[Stored data]
┌──

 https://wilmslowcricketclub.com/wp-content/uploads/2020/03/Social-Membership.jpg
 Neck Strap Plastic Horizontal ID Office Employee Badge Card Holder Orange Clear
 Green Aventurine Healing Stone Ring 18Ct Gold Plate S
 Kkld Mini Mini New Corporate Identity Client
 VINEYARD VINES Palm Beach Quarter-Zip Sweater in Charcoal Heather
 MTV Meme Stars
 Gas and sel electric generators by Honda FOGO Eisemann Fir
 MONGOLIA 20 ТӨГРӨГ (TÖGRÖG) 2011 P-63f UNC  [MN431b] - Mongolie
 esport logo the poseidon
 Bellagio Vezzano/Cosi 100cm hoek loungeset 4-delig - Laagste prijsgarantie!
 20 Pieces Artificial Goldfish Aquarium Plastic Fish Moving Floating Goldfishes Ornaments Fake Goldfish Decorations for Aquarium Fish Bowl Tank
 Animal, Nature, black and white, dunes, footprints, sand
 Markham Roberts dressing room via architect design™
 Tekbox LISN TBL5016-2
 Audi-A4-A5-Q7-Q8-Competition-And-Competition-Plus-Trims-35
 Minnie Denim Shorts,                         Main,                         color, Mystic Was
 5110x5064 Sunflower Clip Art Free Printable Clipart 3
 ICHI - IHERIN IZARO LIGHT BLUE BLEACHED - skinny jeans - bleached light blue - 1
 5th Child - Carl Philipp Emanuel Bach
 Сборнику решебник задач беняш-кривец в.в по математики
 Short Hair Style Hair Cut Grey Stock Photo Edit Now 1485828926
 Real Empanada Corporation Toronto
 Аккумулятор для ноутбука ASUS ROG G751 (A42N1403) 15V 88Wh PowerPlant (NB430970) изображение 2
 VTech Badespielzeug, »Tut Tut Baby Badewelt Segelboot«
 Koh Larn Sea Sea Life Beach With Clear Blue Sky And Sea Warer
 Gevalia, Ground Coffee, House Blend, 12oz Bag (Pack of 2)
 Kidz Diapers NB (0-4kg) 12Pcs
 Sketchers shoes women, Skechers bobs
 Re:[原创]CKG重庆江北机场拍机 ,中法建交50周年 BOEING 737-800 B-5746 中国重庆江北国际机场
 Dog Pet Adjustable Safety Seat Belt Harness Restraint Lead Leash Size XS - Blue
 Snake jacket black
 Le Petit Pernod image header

└──

The response should be an exact repeat of the data above.

» Answer for this exercise:
 https://wilmslowcricketclub.com/wp-content/uploads/2020/03/Social-Membership.jpg
 Neck Strap Plastic Horizontal ID Office Employee Badge Card Holder Orange Clear
 Green Aventurine Healing Stone Ring 18Ct Gold Plate S
 Kkld Mini Mini New Corporate Identity Client
 VINEYARD VINES Palm Beach Quarter-Zip Sweater in Charcoal Heather
 MTV Meme Stars
 Gas and sel electric generators by Honda FOGO Eisemann Fir
 MONGOLIA 20 ТӨГРӨГ (TÖGRÖG) 2011 P-63f UNC  [MN431b] - Mongolie
 esport logo the poseidon
 Bellagio Vezzano/Cosi 100cm hoek loungeset 4-delig - Laagste prijsgarantie!
 20 Pieces Artificial Goldfish Aquarium Plastic Fish Moving Floating Goldfishes Ornaments Fake Goldfish Decorations for Aquarium Fish Bowl Tank
 Animal, Nature, black and white, dunes, footprints, sand
 Markham Roberts dressing room via architect design™
 Tekbox LISN TBL5016-2
 Audi-A4-A5-Q7-Q8-Competition-And-Competition-Plus-Trims-35
 Minnie Denim Shorts,                         Main,                         color, Mystic Was
 5110x5064 Sunflower Clip Art Free Printable Clipart 3
 ICHI - IHERIN IZARO LIGHT BLUE BLEACHED - skinny jeans - bleached light blue - 1
 5th Child - Carl Philipp Emanuel Bach
 Сборнику решебник задач беняш-кривец в.в по математики
 Short Hair Style Hair Cut Grey Stock Photo Edit Now 1485828926
 Real Empanada Corporation Toronto
 Аккумулятор для ноутбука ASUS ROG G751 (A42N1403) 15V 88Wh PowerPlant (NB430970) изображение 2
 VTech Badespielzeug, »Tut Tut Baby Badewelt Segelboot«
 Koh Larn Sea Sea Life Beach With Clear Blue Sky And Sea Warer
 Gevalia, Ground Coffee, House Blend, 12oz Bag (Pack of 2)
 Kidz Diapers NB (0-4kg) 12Pcs
 Sketchers shoes women, Skechers bobs
 Re:[原创]CKG重庆江北机场拍机 ,中法建交50周年 BOEING 737-800 B-5746 中国重庆江北国际机场
 Dog Pet Adjustable Safety Seat Belt Harness Restraint Lead Leash Size XS - Blue
 Snake jacket black
 Le Petit Pernod image header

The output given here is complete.